Review:ReDoing GENDER 1.5 and The WOMANHouse

Trinity Laban 25/02/16
By Andreas Constantinou
One of the thoughts I came away from this evening of dance with is that if we are re-doing gender then it was ‘done’ or constructed in the first place. We all have constructs of the ideal male or female which have been long developed over the years. What these pieces did was to place the ideal as a fallacy and then work it back to a truth which in turn must be a falsehood. If in our contemporary society we are reconstructing gender then it must be true that it was constructed in the first place.

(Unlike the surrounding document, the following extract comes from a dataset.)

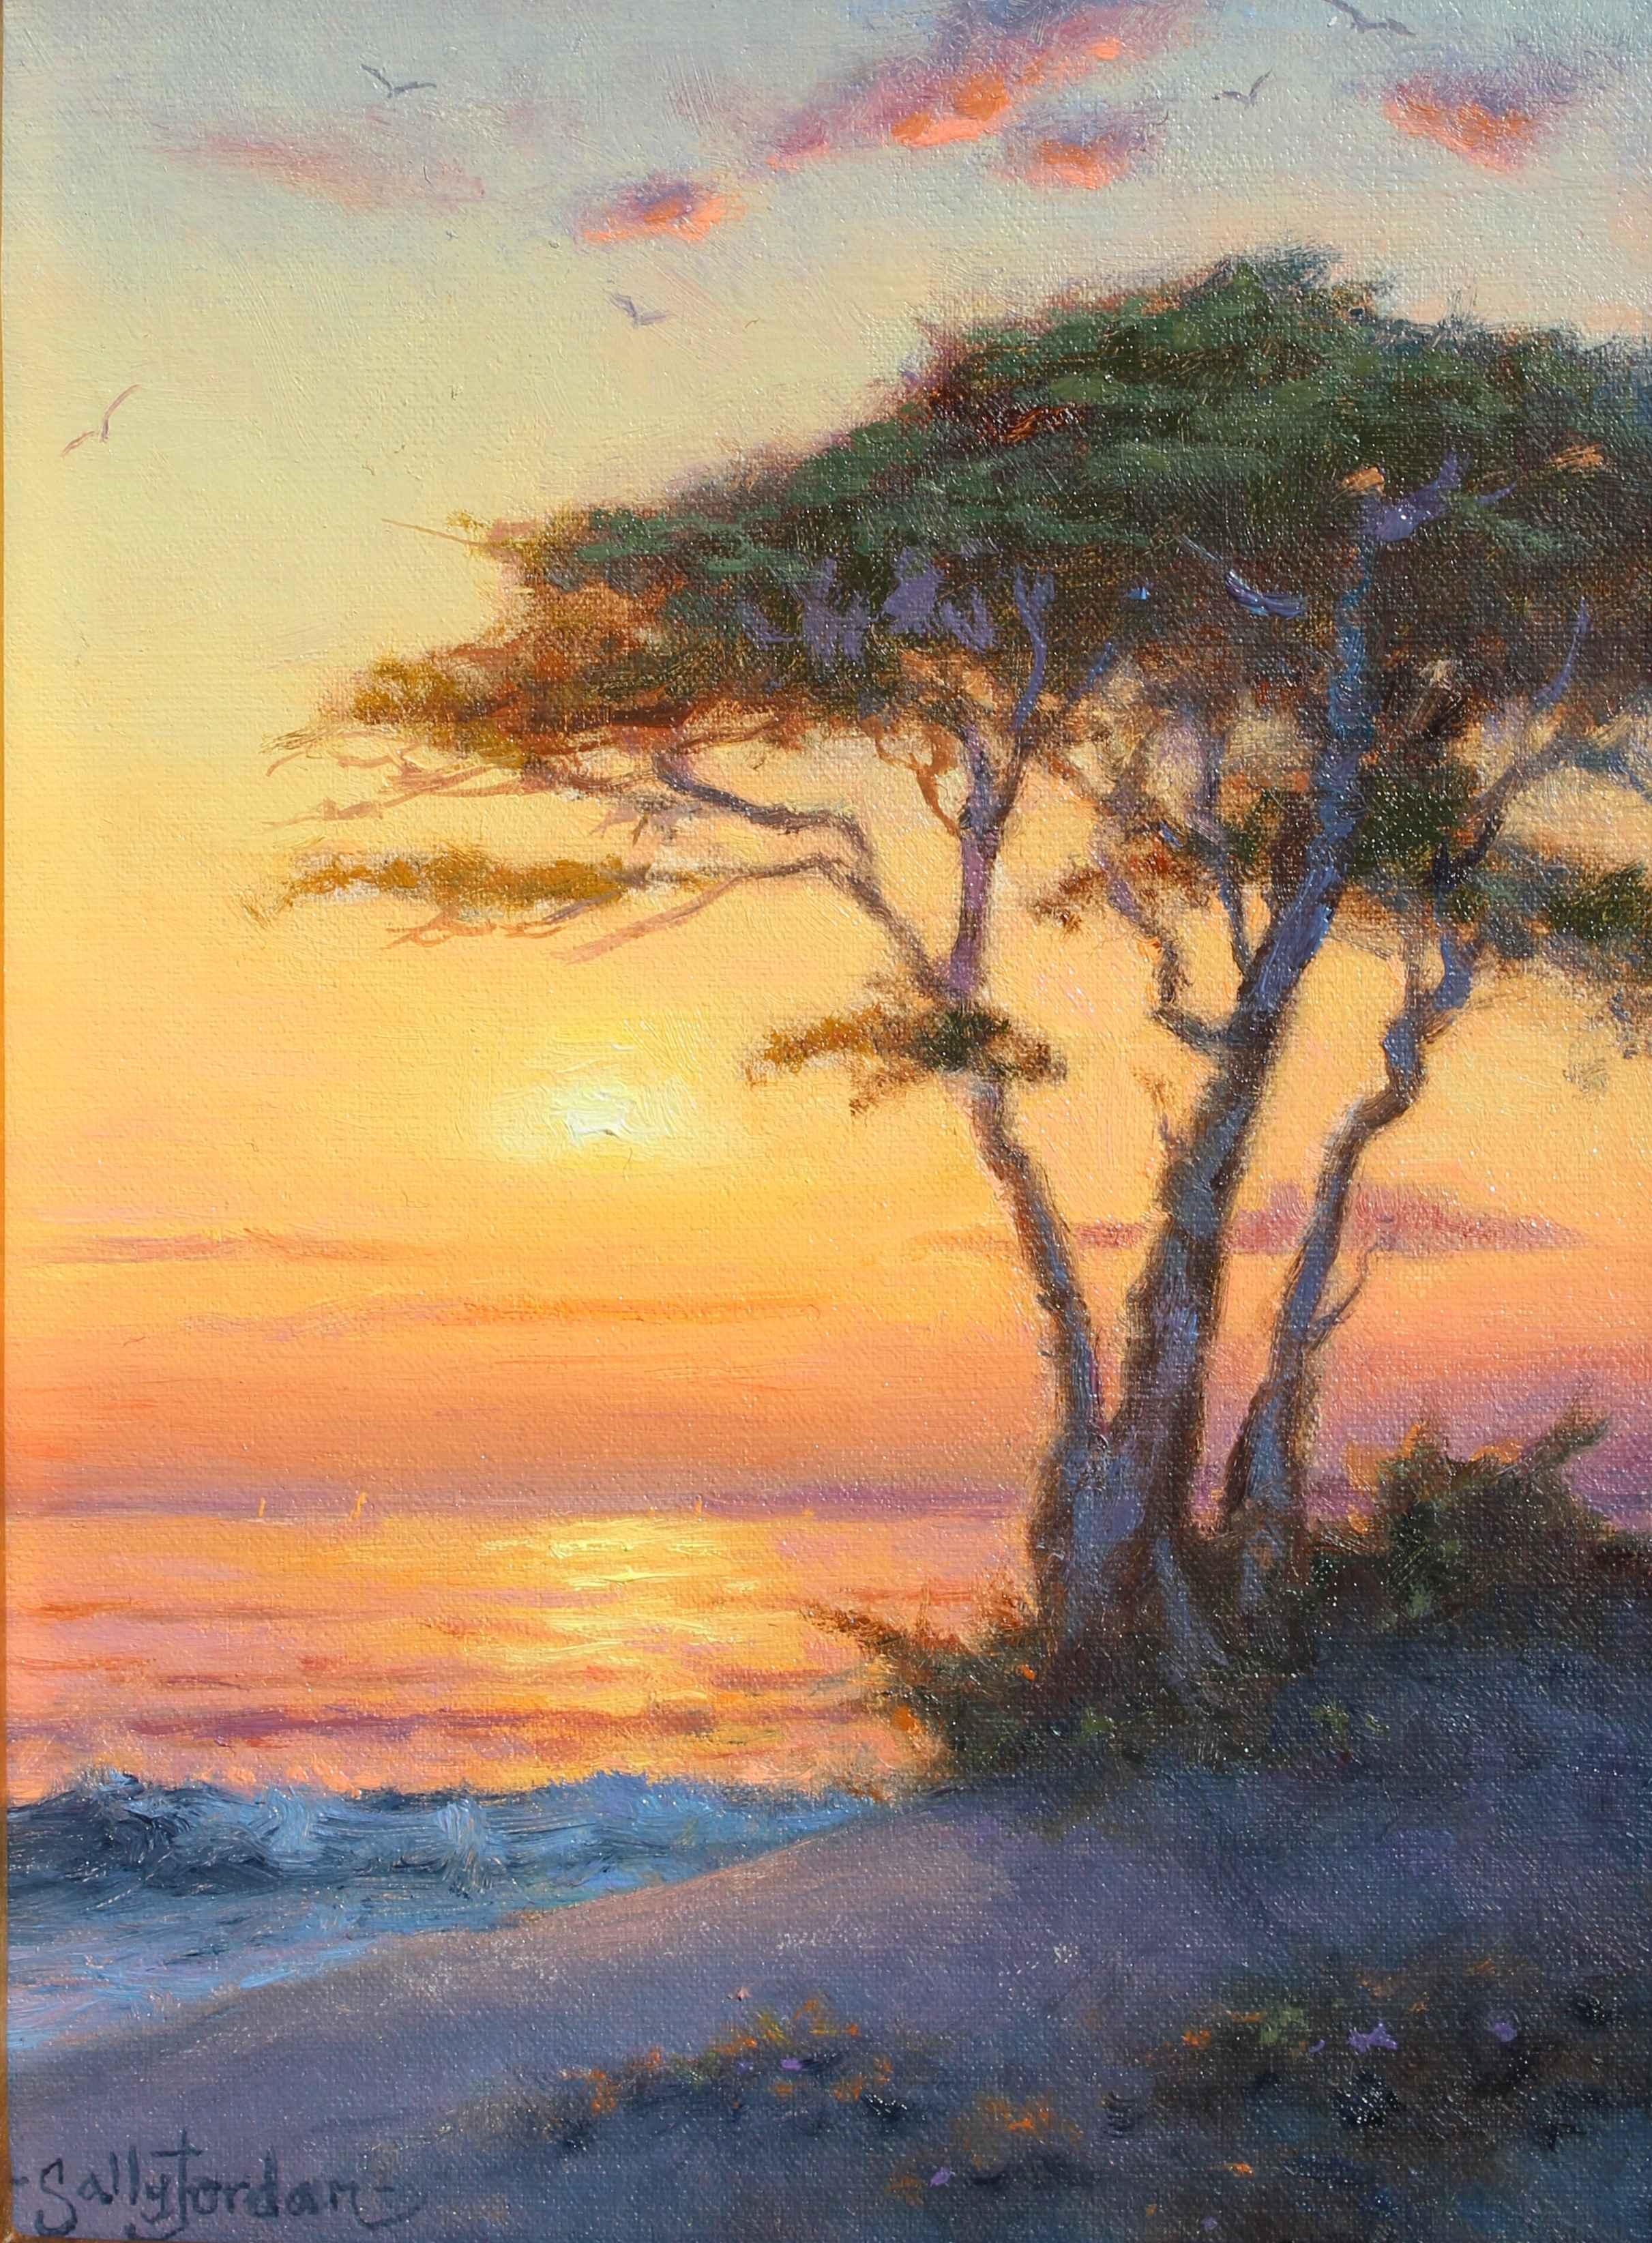 Last Light of Day by  Sally  Jordan - Masterpiece Online

Both these pieces bring such powerful images and juxtapositions that we are made to think of all those early and renaissance artists constructing the ideal male and female forms.

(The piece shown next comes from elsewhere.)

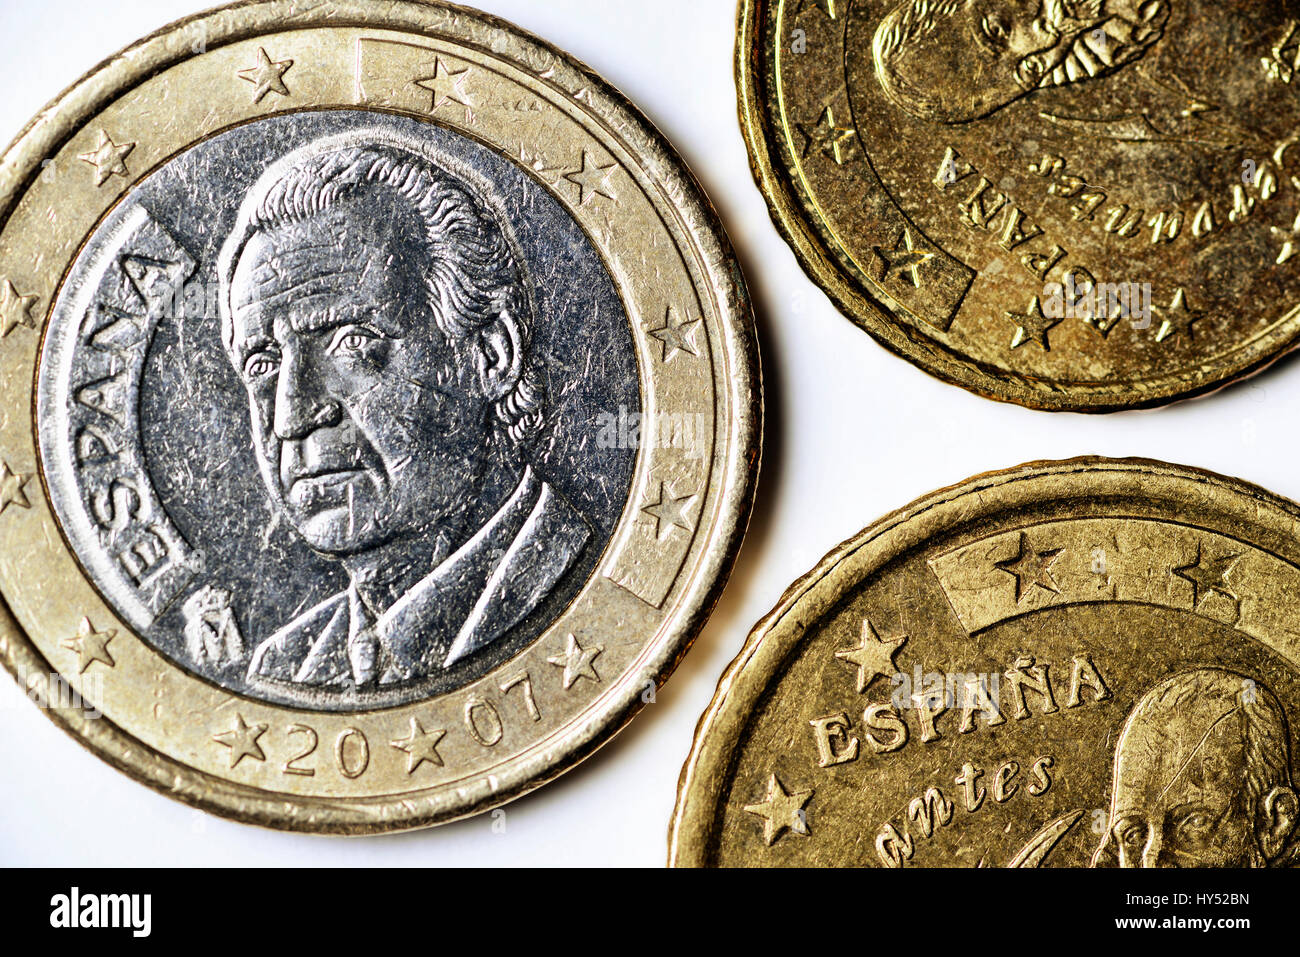 Spanish eurocoins, debt crisis in Spain, Spanische Euromuenzen, Schuldenkrise in Spanien Stock Photo

ReDoing GENDER 1.5 is performed by Constantinou himself and begins with an ape-like being in a lab situation. There are objects in the space and depending on how they are used there is either a red light accompanied by a harsh noise or a green light with a reassuring noise. This jarring of the idea of a scientific environment with the fact that the ape is choosing identity based on positive or negative reinforcement is a complex and anarchic metaphor. As the piece progresses the ape goes from playing in a box like an animal to emerging as a giant baby complete with tears like a newborn. If there was any proof needed of the virtuosity of Constantinou it could be seen here in his arrestingly realistic movement as a baby. The detail of movement quality only lead to renewed hilarity and absurdity when the baby character donned a suit and set about becoming a grown up, all whilst wearing the baby mask.

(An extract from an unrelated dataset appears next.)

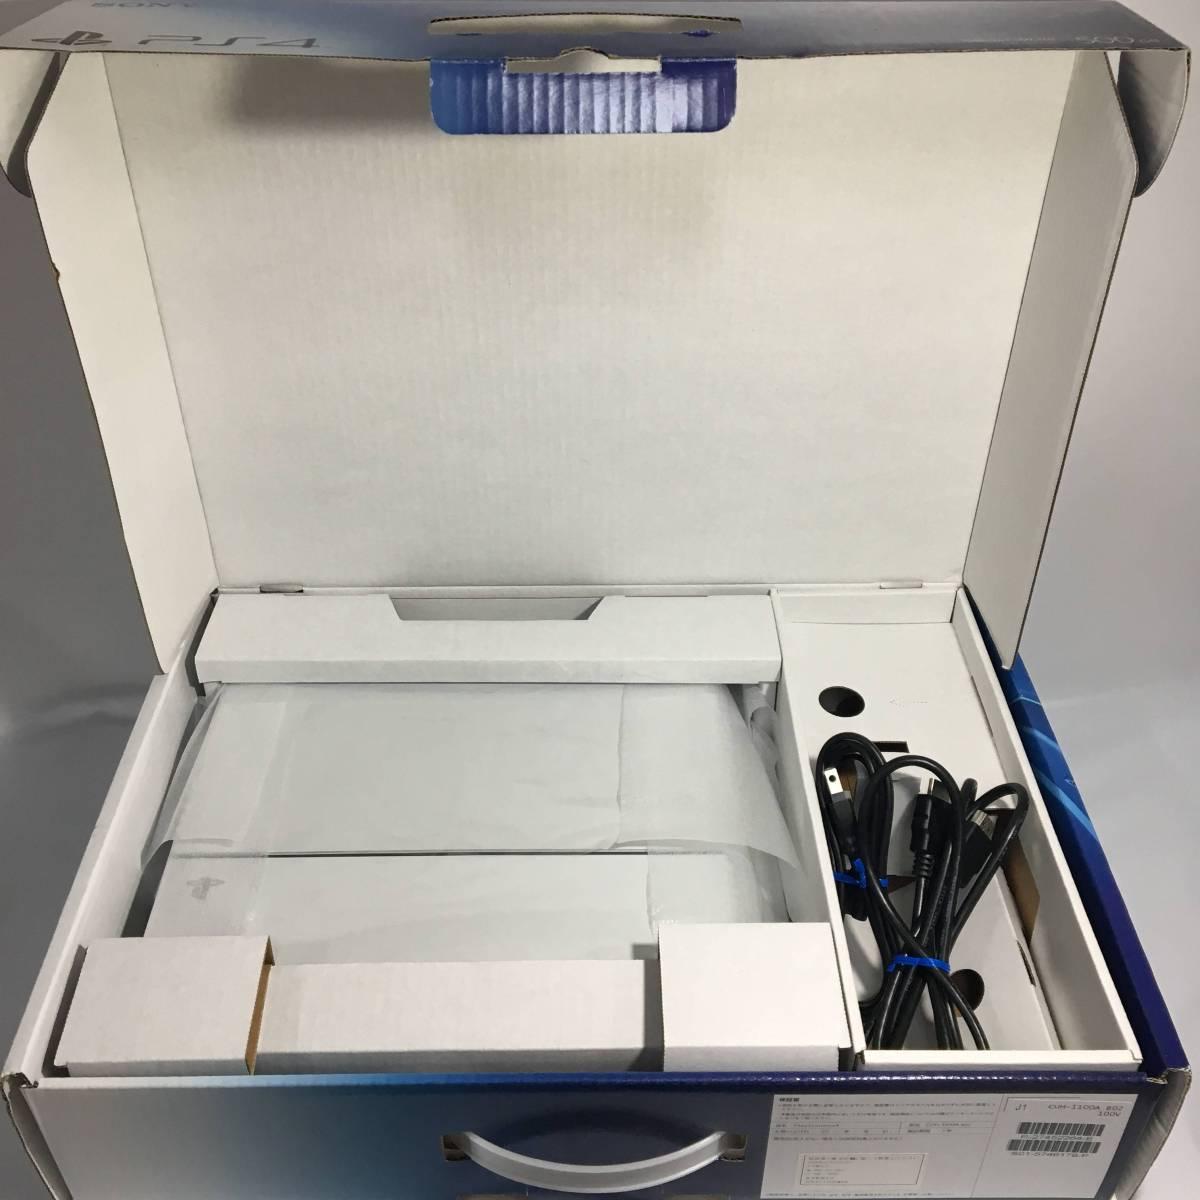 PS4 プレイステーション4 CUH-1100A 500GB 本体 ケーブルセット ホワイト 白 まとめ ソニー ソフト プレステ 中古 Pro VR_画像2

The WOMANHouse begins with an explosion of lad-ism as four performers burst onto stage posturing and grunting and egging each other on. It opens up another form of reinforcement, this mutual agreement that they’re all ‘lads’. Their willingness to cheer on every act or sound of masculinity is as absurd as the culture that takes it seriously. As the piece progresses the singular personalities of each performer begin to come forward and with this is a stripping away of clothing, facial hair and gestures which have become unnecessary. What was initially funny and charming as a group of ‘lads’ postured and backslapped becomes a  much more complex and difficult bunch of identities to deal with.

I think one of the beautiful experiences of seeing movement based performance is that we’re not asked to make sense of it but rather to have feelings, thoughts and images. I remember when I was growing up people spoke about having babies and not christening them with any religion but rather letting them choose their own when they were old enough to decide. At the time this was seen as progressive. Watching these performances made me think we could probably afford the same progressive thinking nowadays when it comes to our children’s identity.